### Work task
When you reach the line that contains "Cracker Jan's Farmhouse", please begin copying, and carry on exactly to the last line of the material, leaving out every picture.

### Given information

Content starts

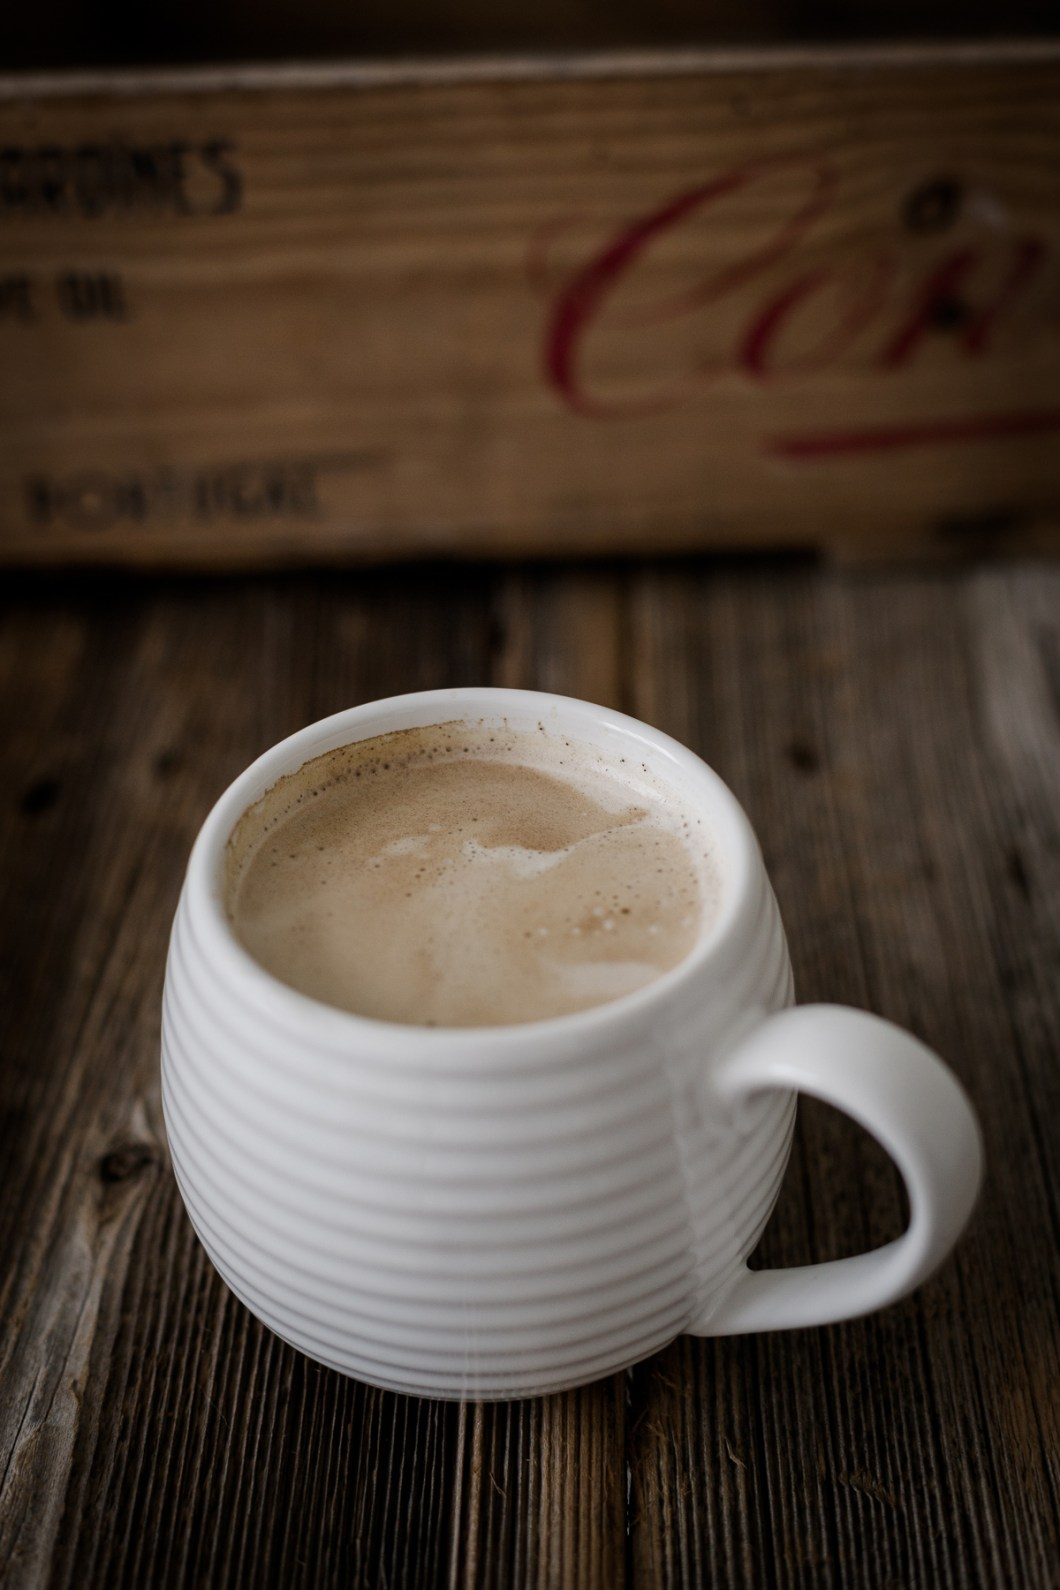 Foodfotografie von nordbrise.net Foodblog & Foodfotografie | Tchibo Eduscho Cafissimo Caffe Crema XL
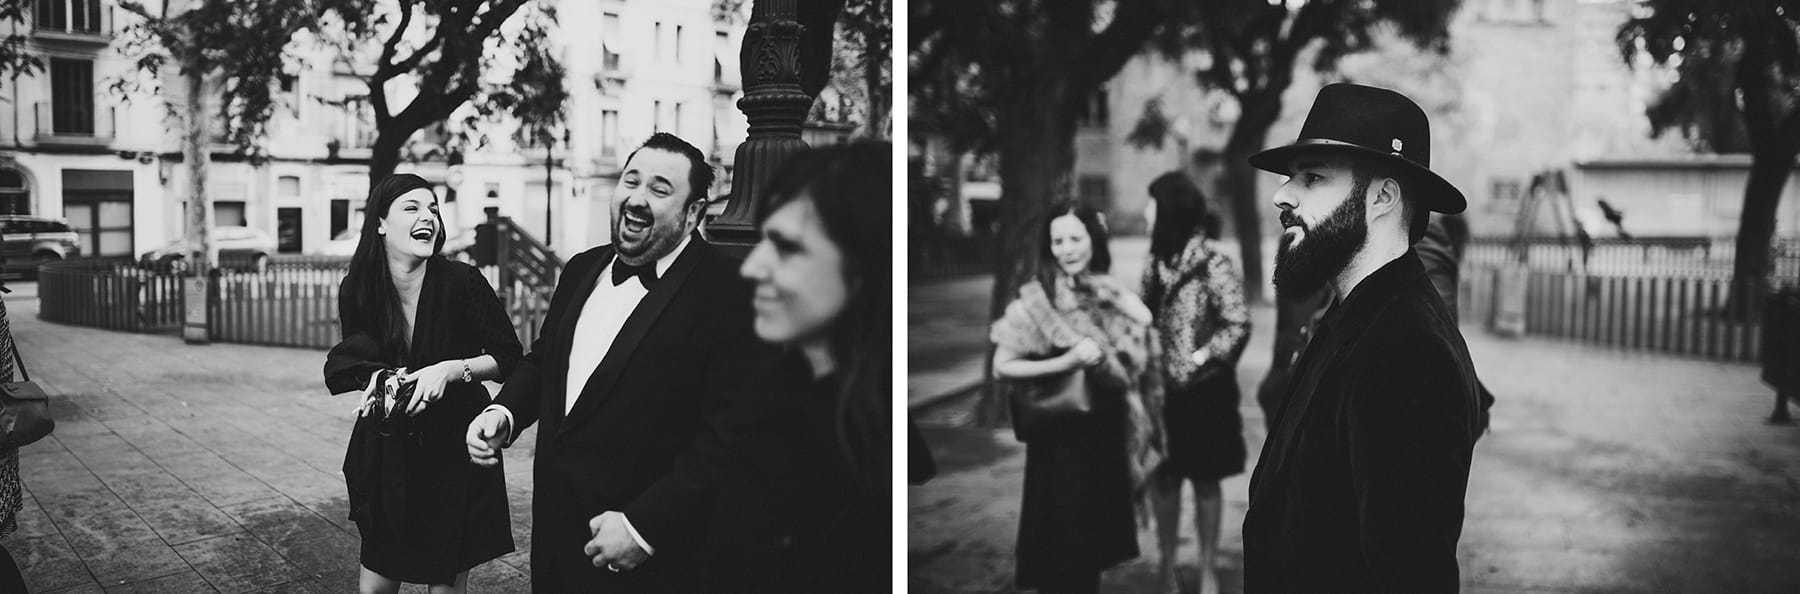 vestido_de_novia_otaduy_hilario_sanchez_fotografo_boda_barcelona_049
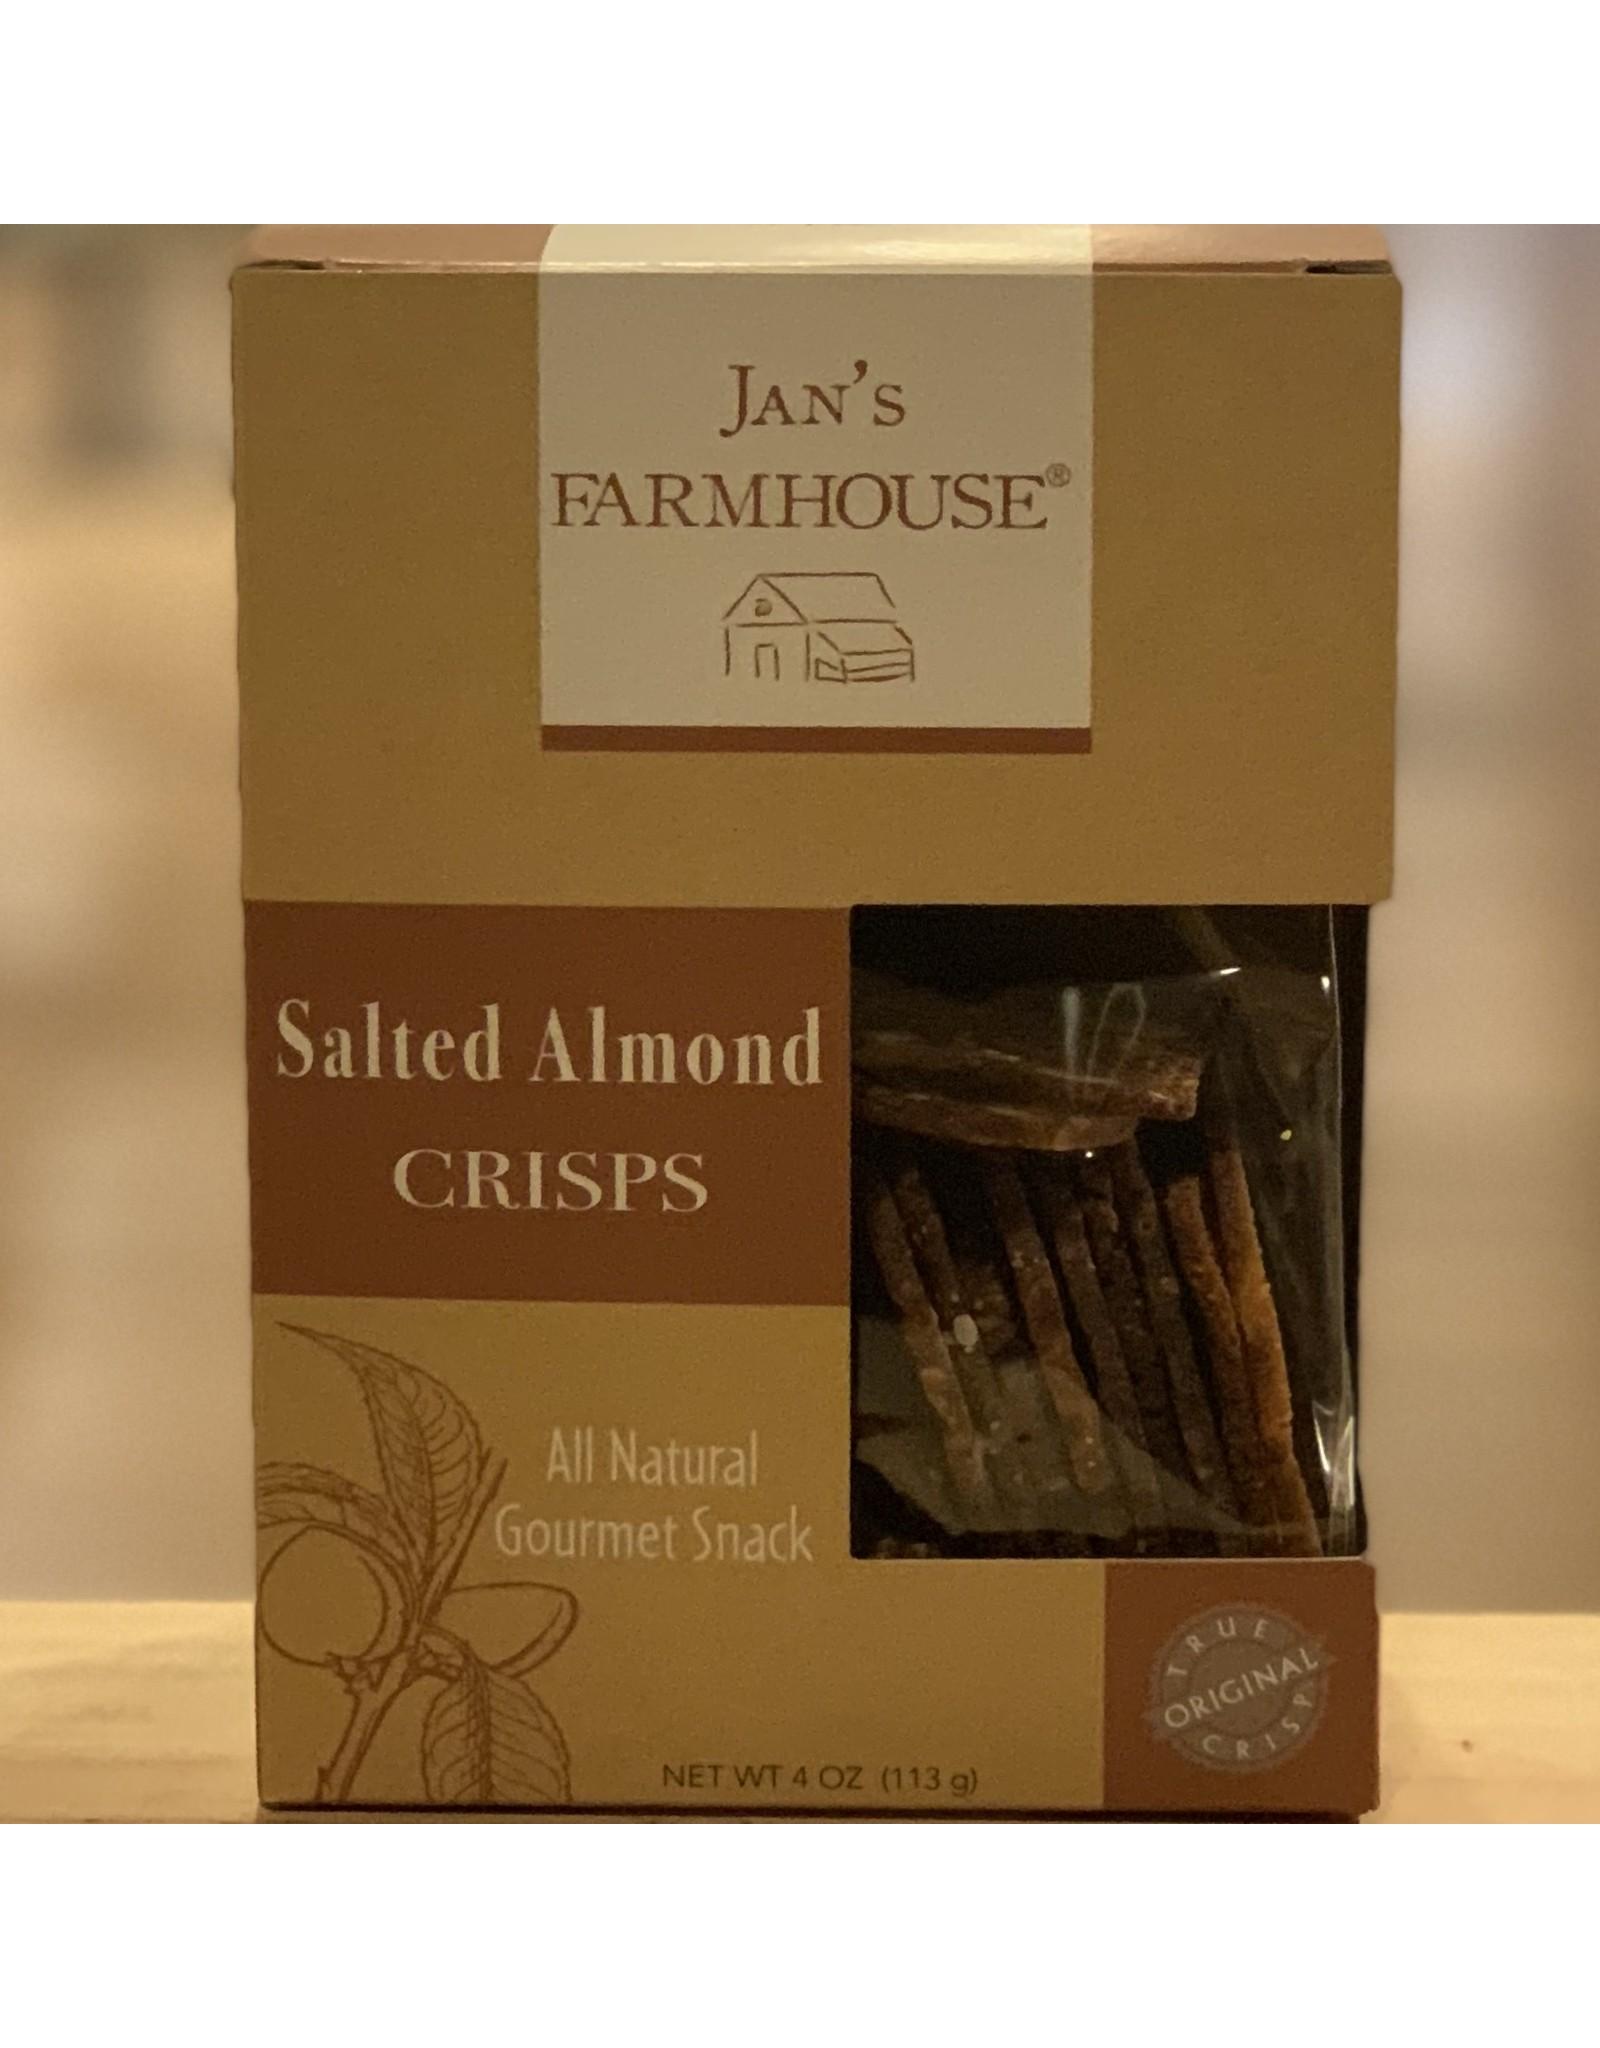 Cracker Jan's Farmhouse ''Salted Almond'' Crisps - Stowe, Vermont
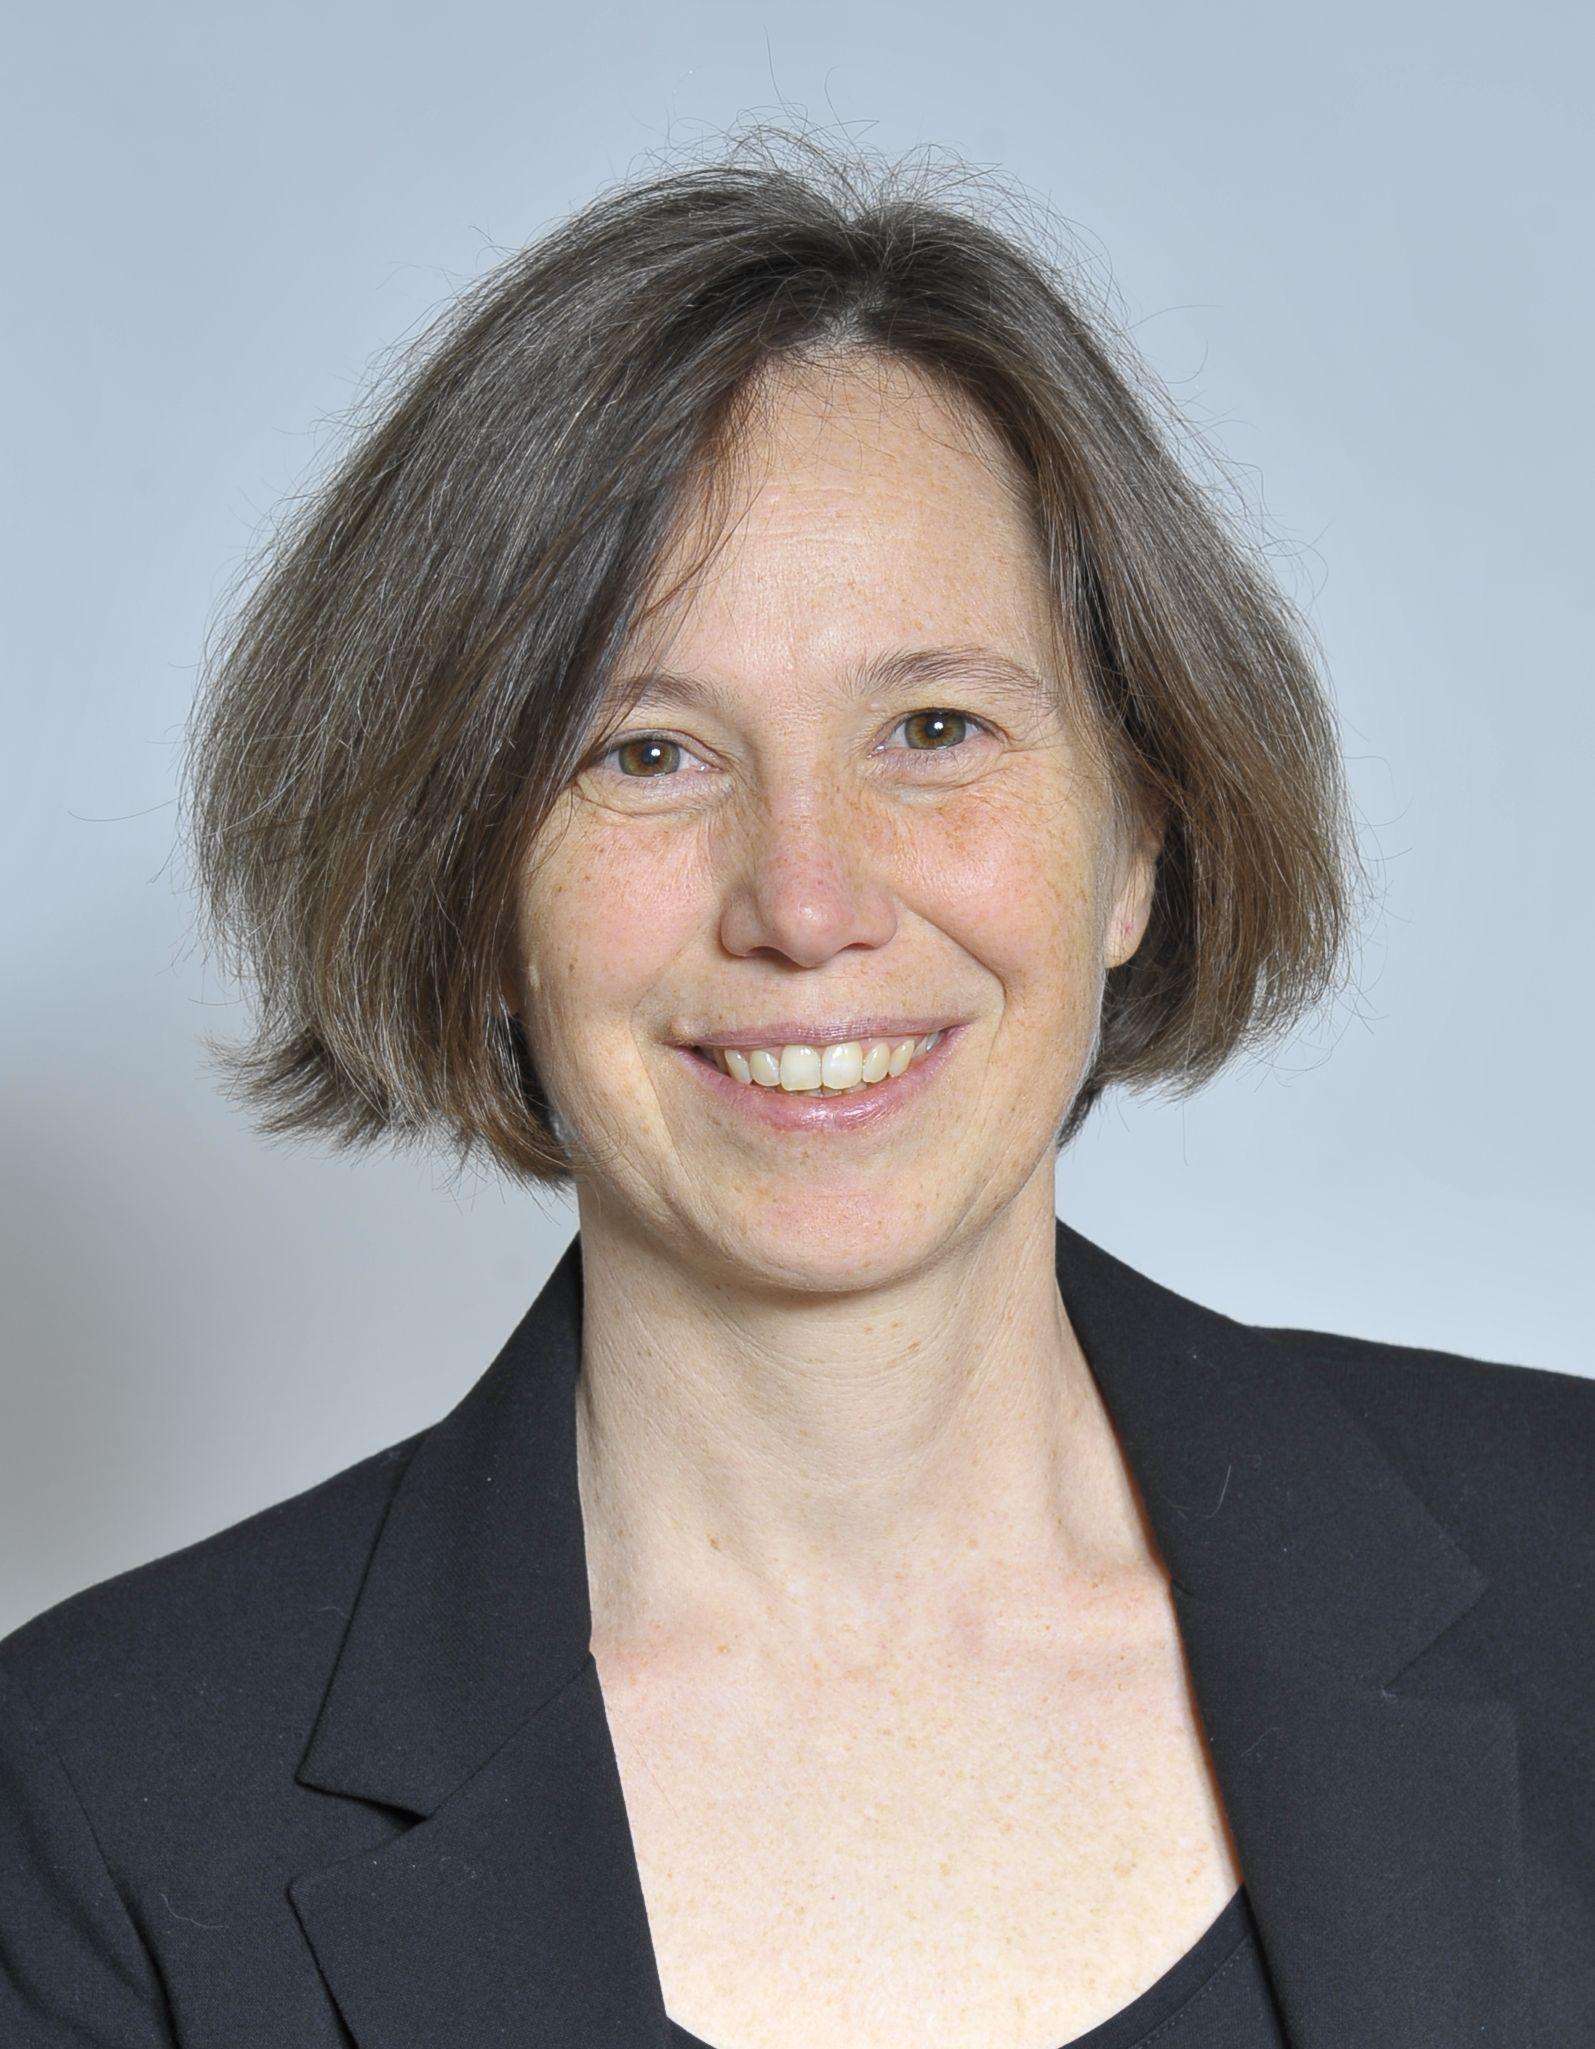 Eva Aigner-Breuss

Content ends

### Reply
 Cracker Jan's Farmhouse ''Salted Almond'' Crisps - Stowe, Vermont
 Eva Aigner-Breuss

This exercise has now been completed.